Bronwen Douglas, BA (Hons)(Adelaide), PhD (ANU)
Senior Fellow, Division of Pacific and Asian History
Email: bronwen.douglas@anu.edu.au
Biographical Statement
My major research interest at present is the history of race in Oceania since the late Enlightenment. Specifically, I am chief investigator in a collaborative ARC project on 'European Naturalists and the Constitution of Human Difference in Oceania'; I am co-editing a collection of essays entitled
Foreign Bodies: Oceania and the Science of Race 1750-1940; and I am completing a monograph called
Indigenous Presence and the Science of Race. This book examines the interplay of metropolitan racial discourse and personal experience in the representation and classification by European voyagers of Indigenous people encountered in Oceania, including Australia.
Research Interests
Apart from the history of race, I have a longstanding interest in the history of Melanesian Christianities and in the intersections of Christianity, gender, and community in postcolonial Melanesia. My major theoretical and methodical concerns are the identification of traces of local agency in colonial and élite representations of actual encounters, including visual materials.
Key Publications
- Across the Great Divide: Journeys in History and Anthropology, Harwood Academic Publishers, 1998.

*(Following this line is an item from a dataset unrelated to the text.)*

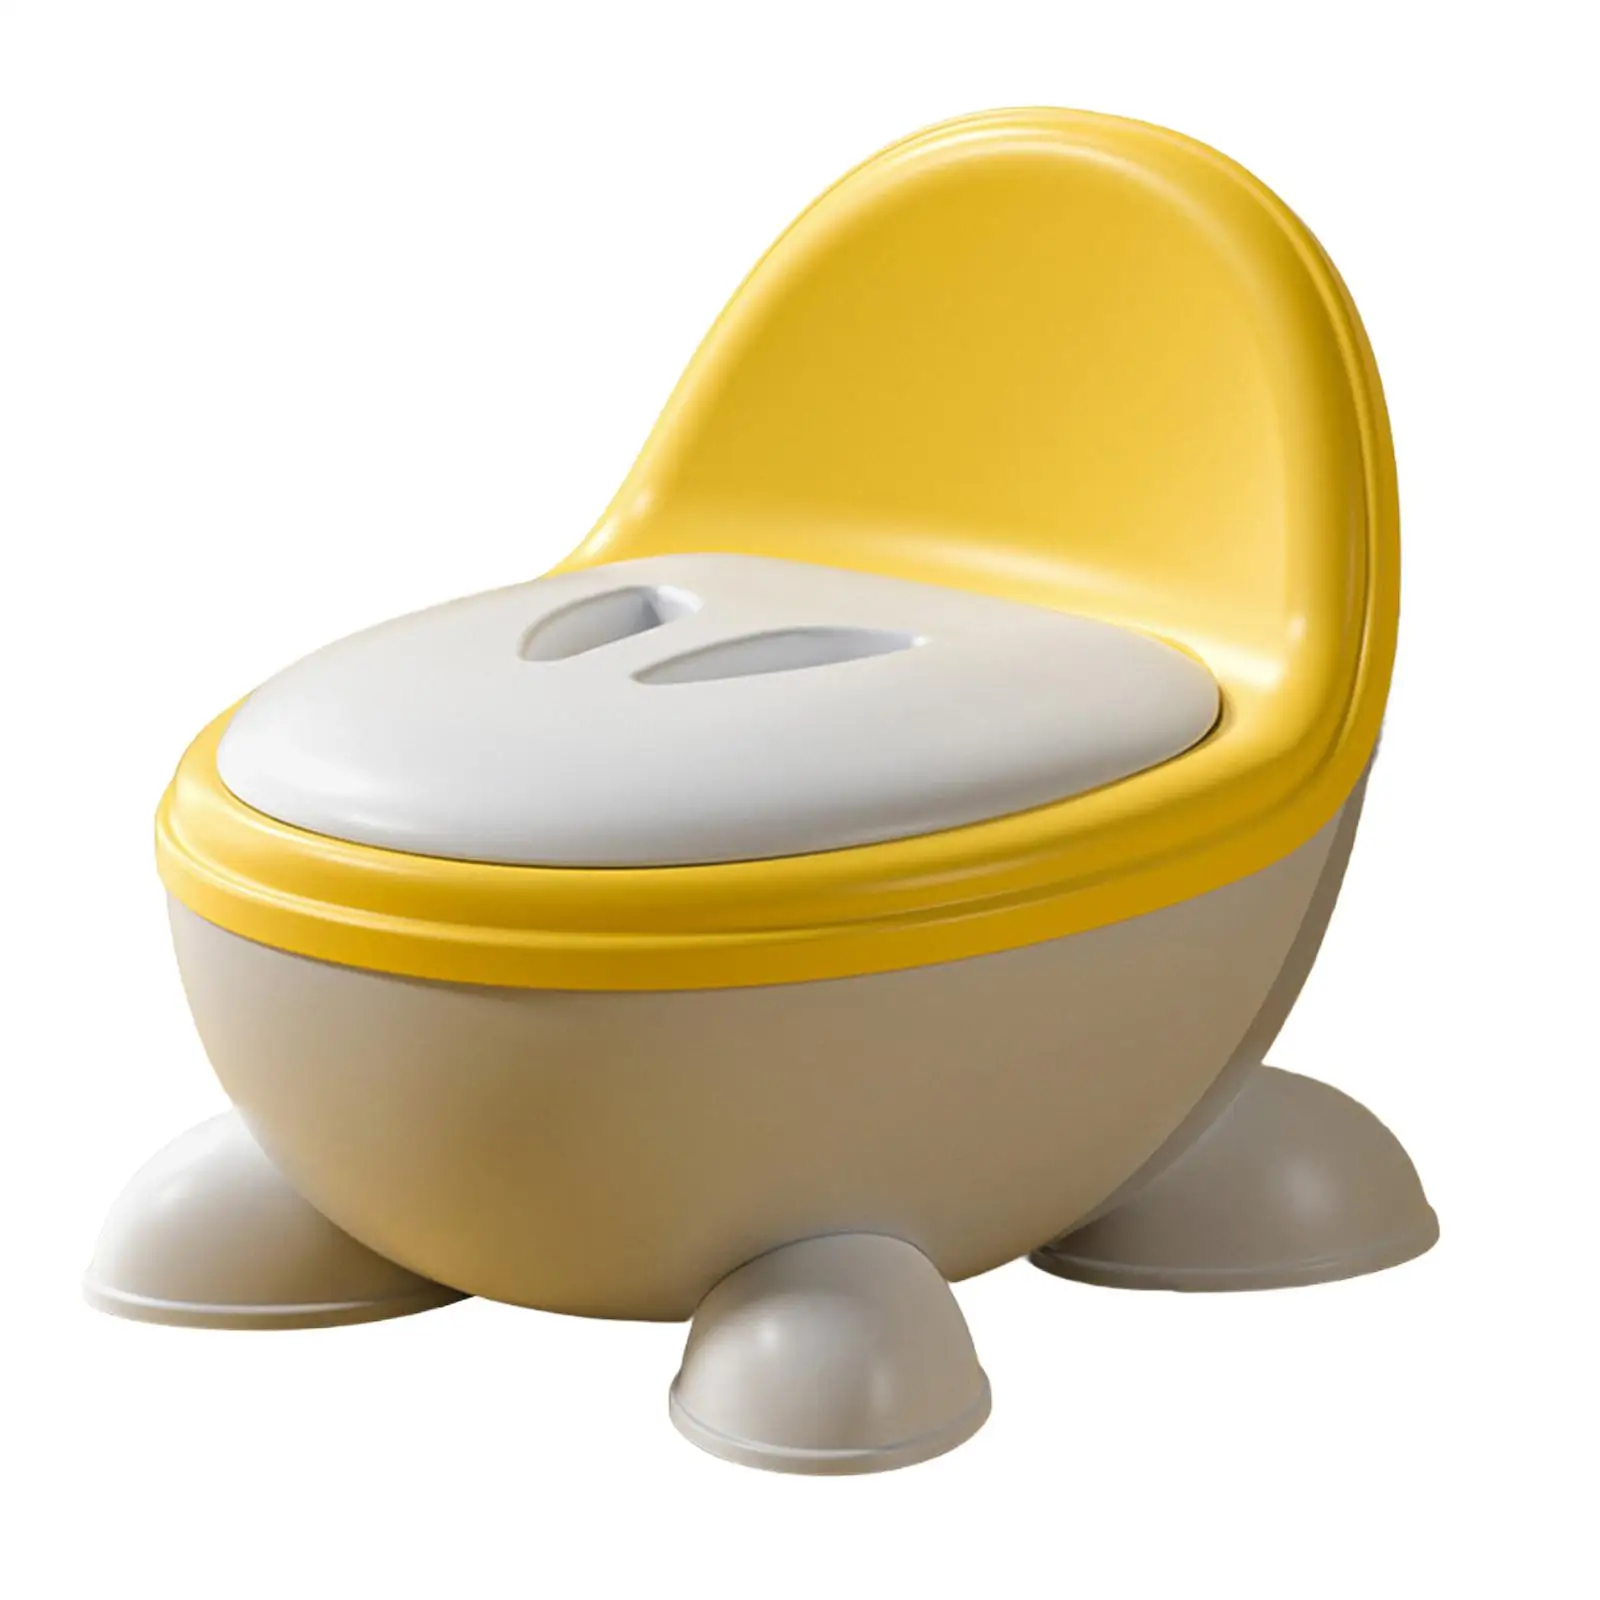 Potty Trainer Toilet Stable Removable Potty Pot for Travel Kids Boys Girls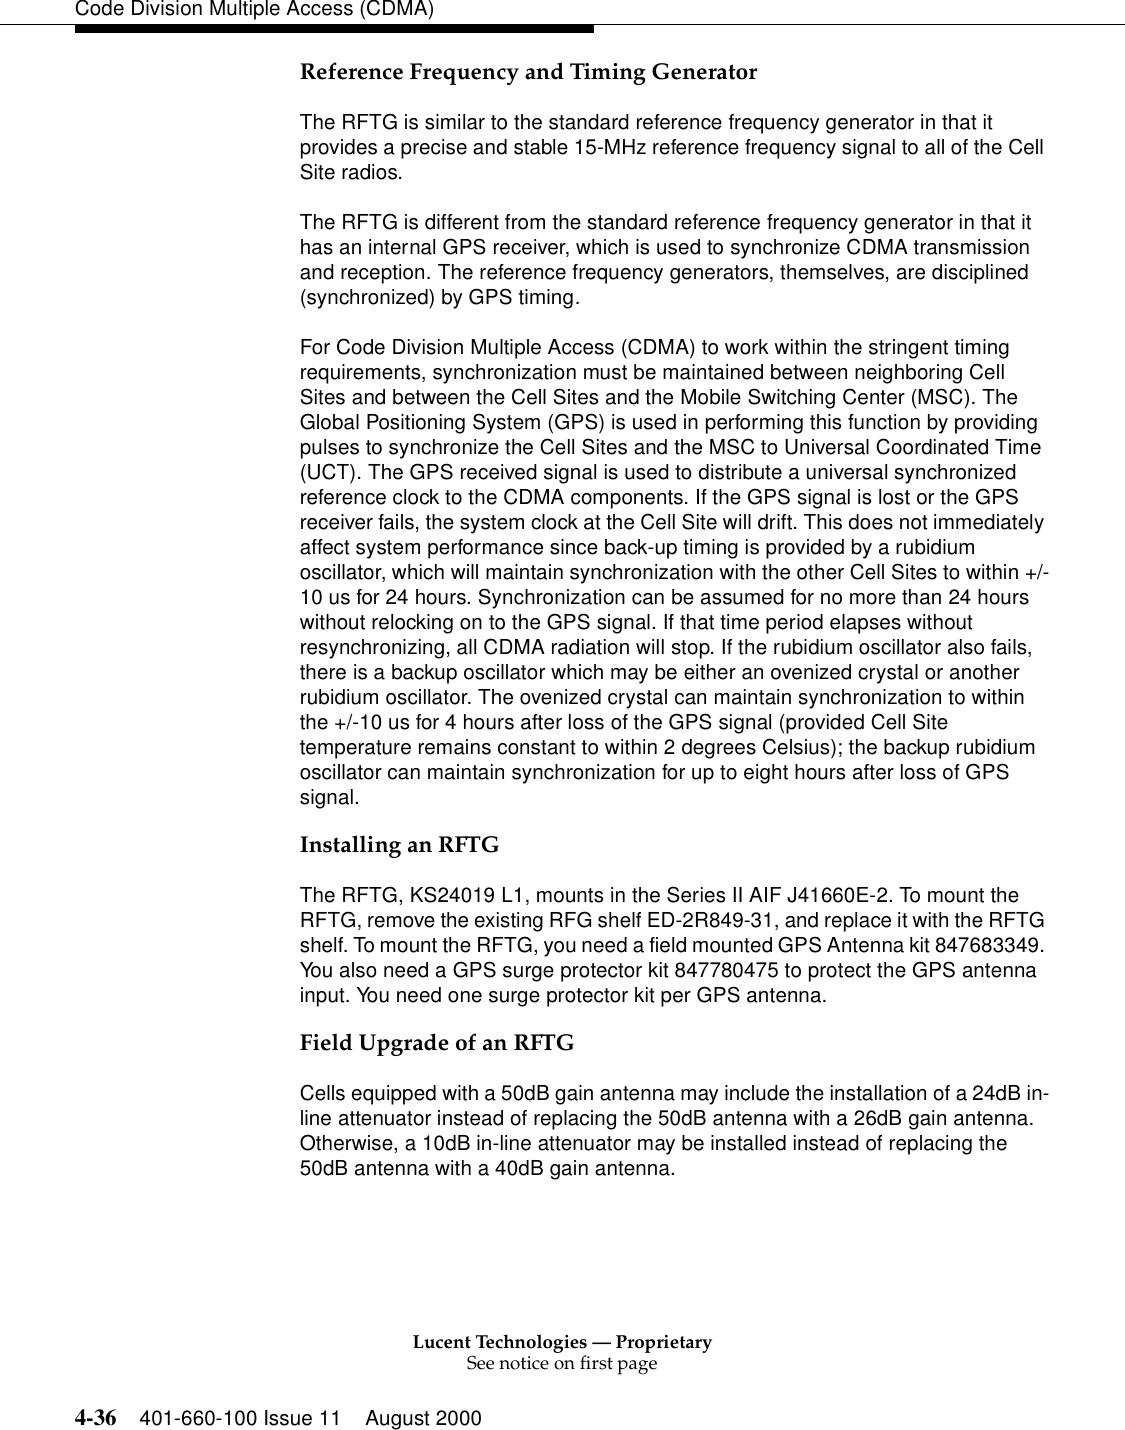 Lucent Technologies — ProprietarySee notice on first page4-36 401-660-100 Issue 11 August 2000Code Division Multiple Access (CDMA)Reference Frequency and Timing GeneratorThe RFTG is similar to the standard reference frequency generator in that it provides a precise and stable 15-MHz reference frequency signal to all of the Cell Site radios.The RFTG is different from the standard reference frequency generator in that it has an internal GPS receiver, which is used to synchronize CDMA transmission and reception. The reference frequency generators, themselves, are disciplined (synchronized) by GPS timing.For Code Division Multiple Access (CDMA) to work within the stringent timing requirements, synchronization must be maintained between neighboring Cell Sites and between the Cell Sites and the Mobile Switching Center (MSC). The Global Positioning System (GPS) is used in performing this function by providing pulses to synchronize the Cell Sites and the MSC to Universal Coordinated Time (UCT). The GPS received signal is used to distribute a universal synchronized reference clock to the CDMA components. If the GPS signal is lost or the GPS receiver fails, the system clock at the Cell Site will drift. This does not immediately affect system performance since back-up timing is provided by a rubidium oscillator, which will maintain synchronization with the other Cell Sites to within +/-10 us for 24 hours. Synchronization can be assumed for no more than 24 hours without relocking on to the GPS signal. If that time period elapses without resynchronizing, all CDMA radiation will stop. If the rubidium oscillator also fails, there is a backup oscillator which may be either an ovenized crystal or another rubidium oscillator. The ovenized crystal can maintain synchronization to within the +/-10 us for 4 hours after loss of the GPS signal (provided Cell Site temperature remains constant to within 2 degrees Celsius); the backup rubidium oscillator can maintain synchronization for up to eight hours after loss of GPS signal. Installing an RFTGThe RFTG, KS24019 L1, mounts in the Series II AIF J41660E-2. To mount the RFTG, remove the existing RFG shelf ED-2R849-31, and replace it with the RFTG shelf. To mount the RFTG, you need a field mounted GPS Antenna kit 847683349. You also need a GPS surge protector kit 847780475 to protect the GPS antenna input. You need one surge protector kit per GPS antenna.Field Upgrade of an RFTGCells equipped with a 50dB gain antenna may include the installation of a 24dB in-line attenuator instead of replacing the 50dB antenna with a 26dB gain antenna. Otherwise, a 10dB in-line attenuator may be installed instead of replacing the 50dB antenna with a 40dB gain antenna.

- 'Encounters with the Enemy? Academic Readings of Missionary Narratives on Melanesians', in Comparative Studies in Society and History, 43:1, 2001.
- 'From Invisible Christians to Gothic Theatre: the Romance of the Millennial in Melanesian Anthropology', in Current Anthropology, 42:5, 2001.
- 'Seaborne Ethnography and the Natural History of Man', Journal of Pacific History, 38:1, 2003.
- (ed.) Women's Groups and Everyday Modernity in Melanesia, special issue, Oceania, 74:1-2, 2003.
- (ed. with Anna Cole and Nicholas Thomas) Tattoo: Bodies, Art and Exchange in the Pacific and Europe, Reaktion Books, London, 2004.
- 'Slippery Word, Ambiguous Praxis: "Race" and Late 18th-Century Voyagers in Oceania', Journal of Pacific History, 41:1, 2006.
Career Highlights
Senior Lecturer, La Trobe University (1979-96); Visiting Fellow, Comparative Austronesian Project, ANU (1991); Visiting Professor, Ecole des Hautes Etudes en Sciences Sociales, Paris (1995 and 2007); Humanities Research Centre Fellow, ANU (1996); Fellow/Senior Fellow, Australian National University (1997-present); Caird Fellow, National Maritime Museum, UK (2001).